Application Pauses When Running JVM Inside Linux Control Groups

linux cgroups -based solutions (e.g., Docker , CoreOS ) are increasingly being used to host multiple applications on the same host. We have been using cgroups at LinkedIn to build our owncontainerization product calledLPS (LinkedIn Platform as a Service) and to investigate the impact of resource-limiting policies on application performance. This post presents our findings on how CPU scheduling affects the performance of Java applications in cgroups. We found that Java applications can have more and longer application pauses when using CFS (Completely Fair Scheduler) in conjunction with CFS Bandwidth Control quotas. During these pauses, the application is not responding to user requests, so this is a severe performance pain that we need to understand and address.

These increased pauses are caused by the interactions between JVM’s GC (Garbage Collection) mechanisms and CFS scheduling. In CFS, a cgroup is assigned certain CPU quota (i.e., cfs_quota), which can be quickly drained by JVM GC’s multiple-threading activity, causing the application to be throttled. For example, the following may occur:

If an application aggressively uses its CPU quota in a scheduling period, then the application is throttled (no more CPU is given) and stops responding for the remaining duration of the scheduling period.

The multi-threaded JVM GC makes the problem much worse, as the cfs_quota is counted across all threads of the application. As a result, the CPU quota may be even more quickly used up. JVM GC has many concurrent phases that are non-STW (stop the world). However, their running can also cause faster cpu_quota use, hence practically making the entire application STW.

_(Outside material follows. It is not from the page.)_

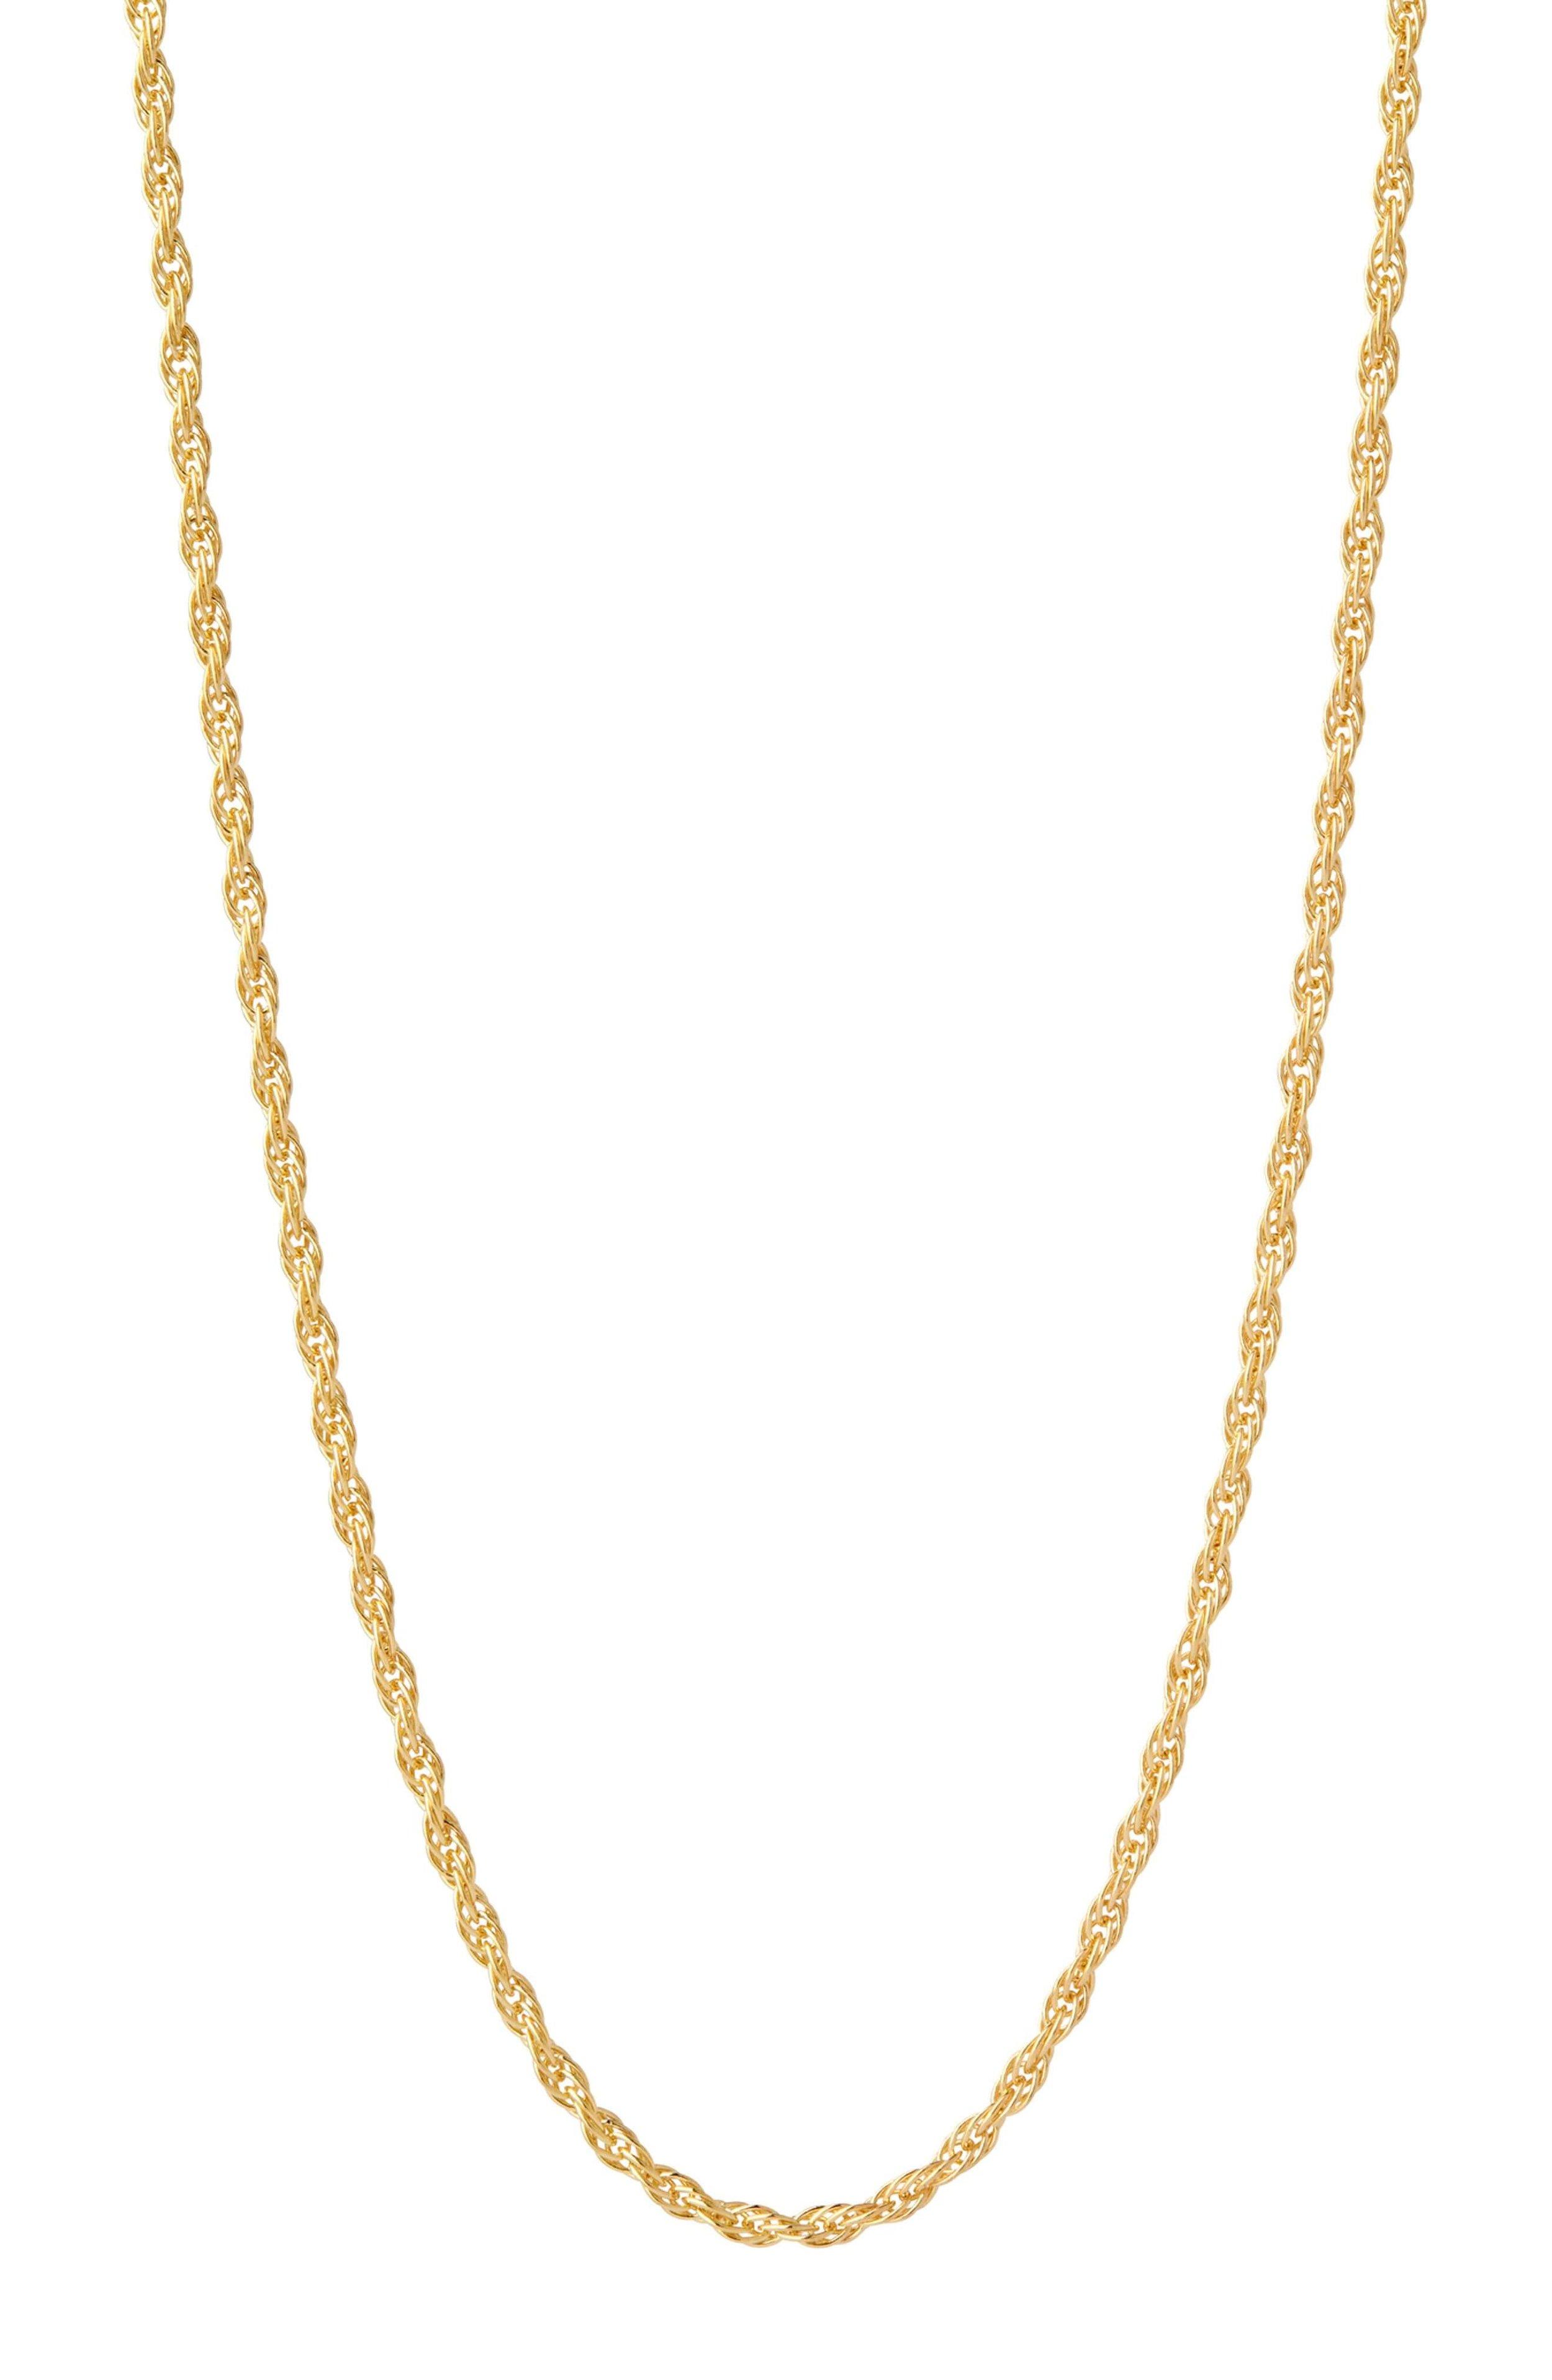 Maria Black gold Necklace

In this post, we’ll share our findings after investigating this issue and our recommendations about CFS/JVM tuning to mitigate the negative impact. Specifically:

Sufficient CPU quota should be assigned to the cgroup that hosts the Java application; and,

JVM GC threads should be appropriately tuned down to mitigate the pauses.

Linux cgroups background

Linux cgroups (Control Groups) are used to limit various types of resource usage by applications. For the CPU resource, the CPU subsystem schedules CPU access to cgroups, and CFS is one of the two supported schedulers. CFS is a proportional share scheduler that allocates CPU access to cgroups based on the cgroups’ weights.

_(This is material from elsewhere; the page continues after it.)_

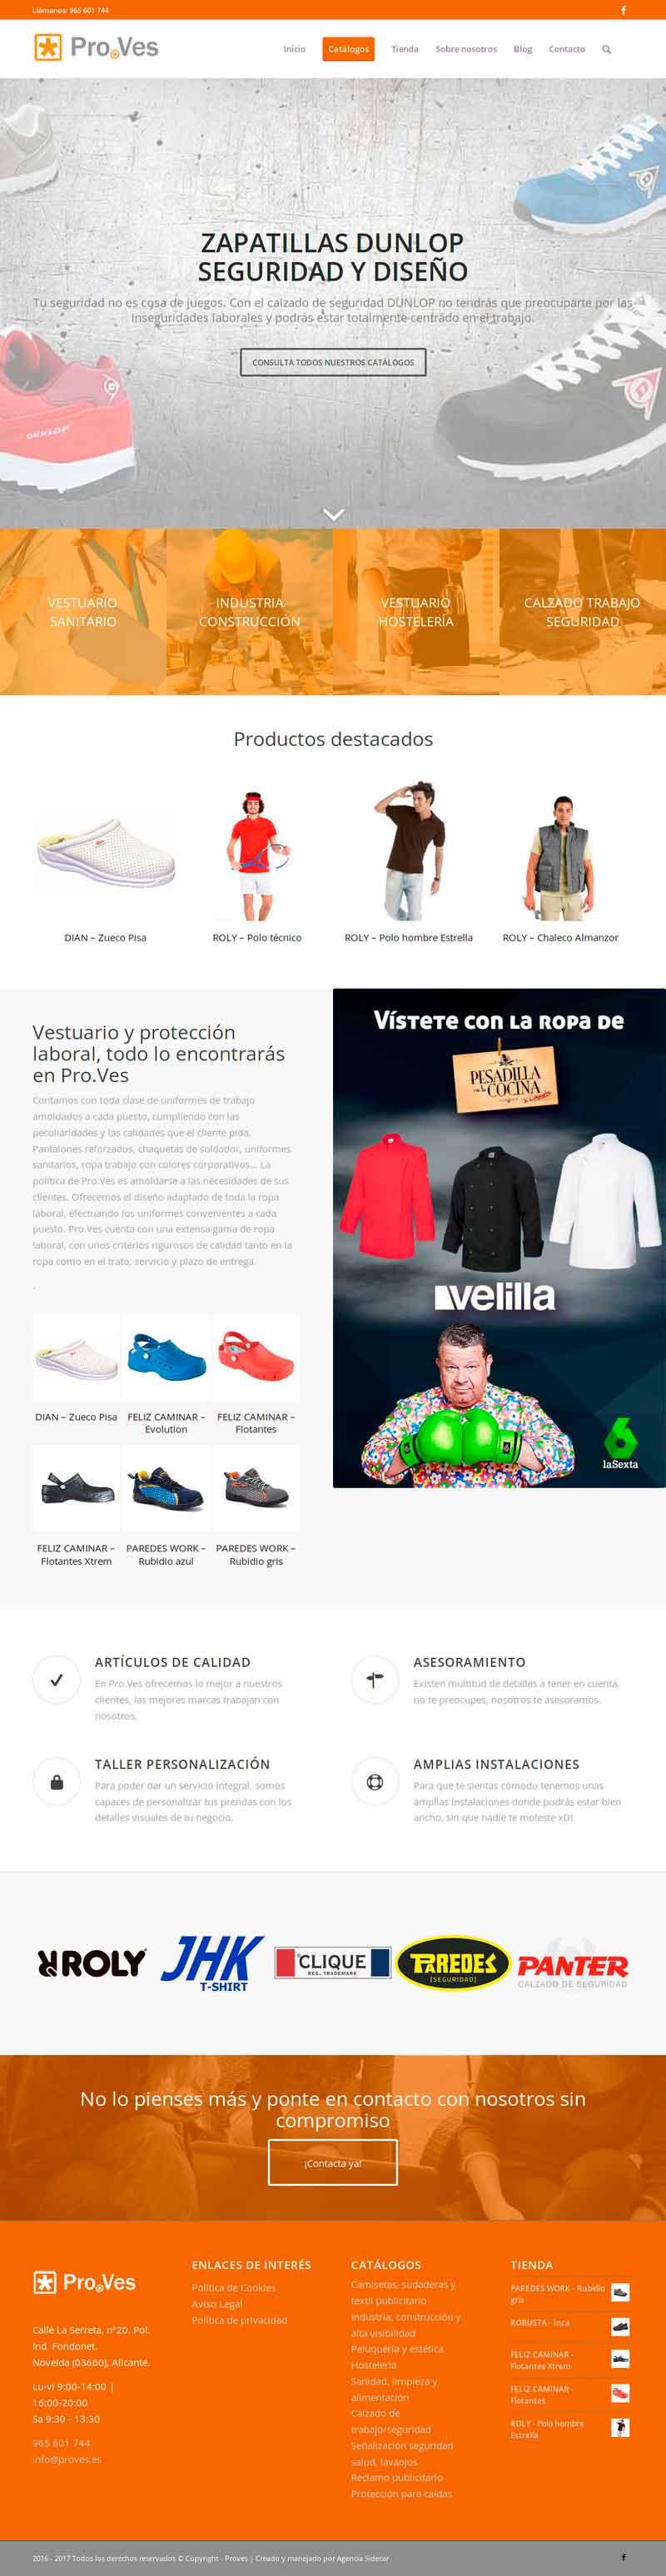 Agencia Sidecar agencia-sidecar-portfolio-proves-1 Pro.Ves

For the RHEL7 (Red Hat Enterprise Linux) machine we use, there are multiple tunables. Two CFS tunables for ceiling enforcement are used for limiting the CPU resources used by cgroups: cpu.cfs_period_us and cpu.cfs_quota_us, both in microseconds. cpu.cfs_period_us specifies the CFS period, or enforcement interval for which a quota is applied, and cpu.cfs_quota_us specifies the quota the cgroup can use in each CFS period. cpu.cfs_quota_us essentially sets the hard limit (i.e., ceiling) on the CPU resource. A cgroup (along with its processes) is only allowed to occupy the CPU cores for the time duration specified in cpu.cfs_quota_us. Hence, to give a cgroup N cores, cpu.cfs_quota_us is set to N times of cpu.cfs_period_us.

Workload and setup

For our analysis, we created a synthetic Java application for testing CFS behavior. This Java application simply keeps allocating objects on the Java heap. After the number of allocated objects reaches a certain threshold, a portion of them are released. There are two application threads, each independently performing object allocation and object release. The time taken by each object allocation is recorded as the allocation latency. The source code for this synthetic Java application is on GitHub .

The performance metrics we considered include: (1) application throughput (the object allocation rate); (2) object allocation latencies; (3) the cgroup’s statistics, including the cgroup’s CPU usage, nr_throttled (number of CFS periods that are throttled), and throttled_time (total throttled time).

The machine we used is RHEL7 with 3.10.0-327 kernel, and it has 24 HT (hyper-threading) cores. The CPU resources were limited using CFS ceiling enforcement. The cgroup hosting the Java application by default was assigned three cores of CPU shares, considering the fact that there were two application threads and GC activities. In later tests we also varied the number of cores assigned in order to gain additional insights. The cfs_period by default was 100ms. Each run of the workload took 20 minutes (1200 seconds). So with cfs_period being 100ms, there were 12,000 CFS periods in each run.

Investigation of a large application pause

We’ll start with a detailed analysis of a particular application pause in order to shed light on the reasons behind the pause.

Application stop

At the time of 22:57:34, both application threads stop for about three seconds (i.e., 2,917ms and 2,916ms).

JVM GC STW

To understand what caused the three-second application freezing, we first examined the JVM GC log. We found that at the time of 22:57:37.771, a STW (stop the world) GC pause occurred. Note that the pause lasts about 0.12 seconds.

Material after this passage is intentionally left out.